Rare "Da Vinci" coded artworks, anyone?

"Naw, it ain't the real Monalyssa, but it's a very good copy!"


How about the least-significant bit of an audio data stream actually contains a pseudo-random cypher detailing the Darrian Star Trigger technology?

"Did you hear my new "Bad Cable" album? The thirteenth track is especially intricate."

file_23.gif
 
Ahh now if its information or data then there are lots of options. Lets say you have the plans to the Death Star.

First break it down into a number of smaller pieces of information.

Then encrypt it just for safetys sake.

Now using Steganograhy techniques embed the encrytped files into a series of high res "holiday snaps" or extended "concert recordings" stored in the public access section of the ships computer.

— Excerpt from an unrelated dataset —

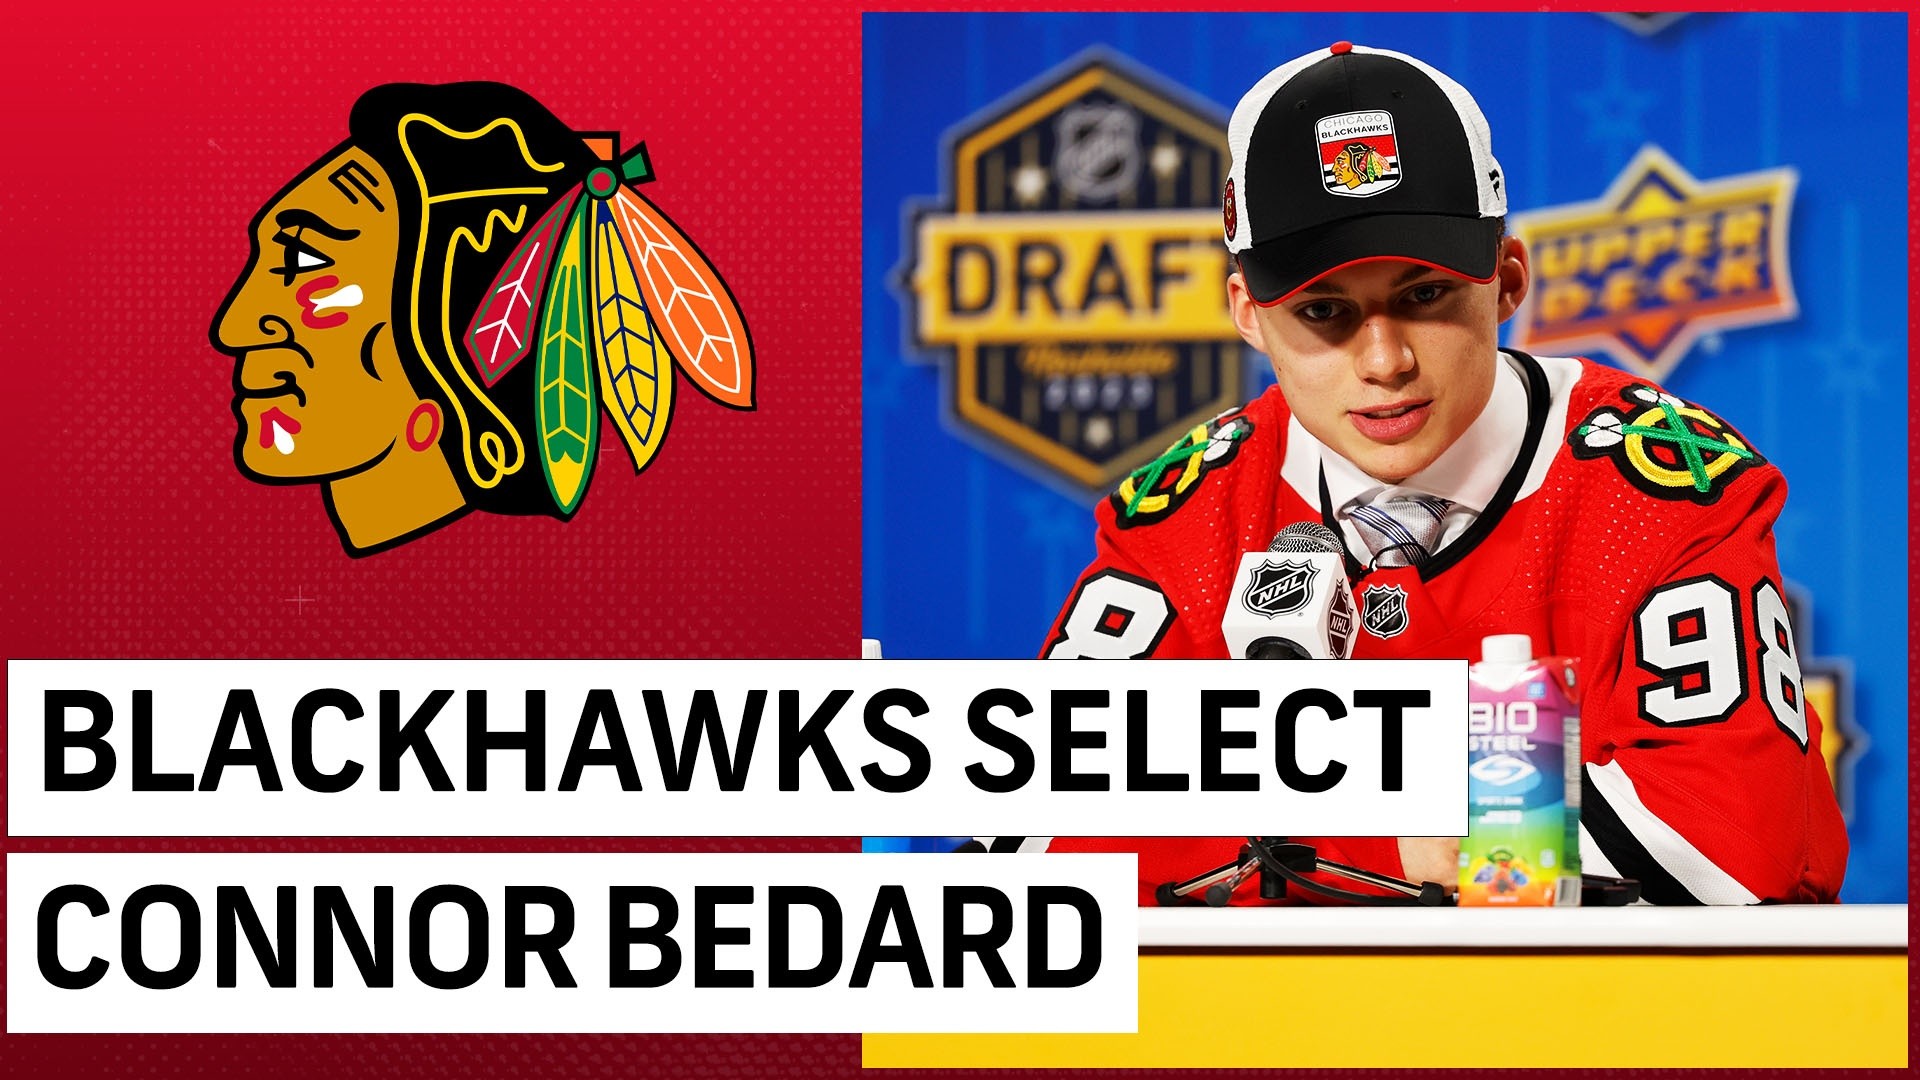 Blackhawks select Connor Bedard with the No. 1 pick in the 2023

see http://en.wikipedia.org/wiki/Steganography

The photographs can still be viewed and the music can still be played, but those in the know at the far end can retrieve the information, even if the courier is intercepted. Heck the stuff can even be transmitted over the public comm link.

Of course if you're organised you could take this one step further along the lines set out by Heretic Keklas Rekobah. By bringing seemingly innocent raw materials and possibly machinery or machine parts you could deliver these openly but when used in conjunction with the trained "ships crew" and the manuals hidden in the ships computer allows the manufacture of something far more valuable than the sum of the parts carried.
 
There's always loopholes.

Mark Thomas recently made a documentary about the arms trade, where a bunch of children (it was done as an after school project) were able to import variously a sting-stick (a nasty looking 2 foot metal bar with 1 inch spikes sprouting from it), a shock baton, and most weirdly, an Israeli made automatic stone thrower (800 high velocity stones per minute). They were offered a Merkava tank as well, but I don't think the show's budget stretched that far. And all perfectly legal.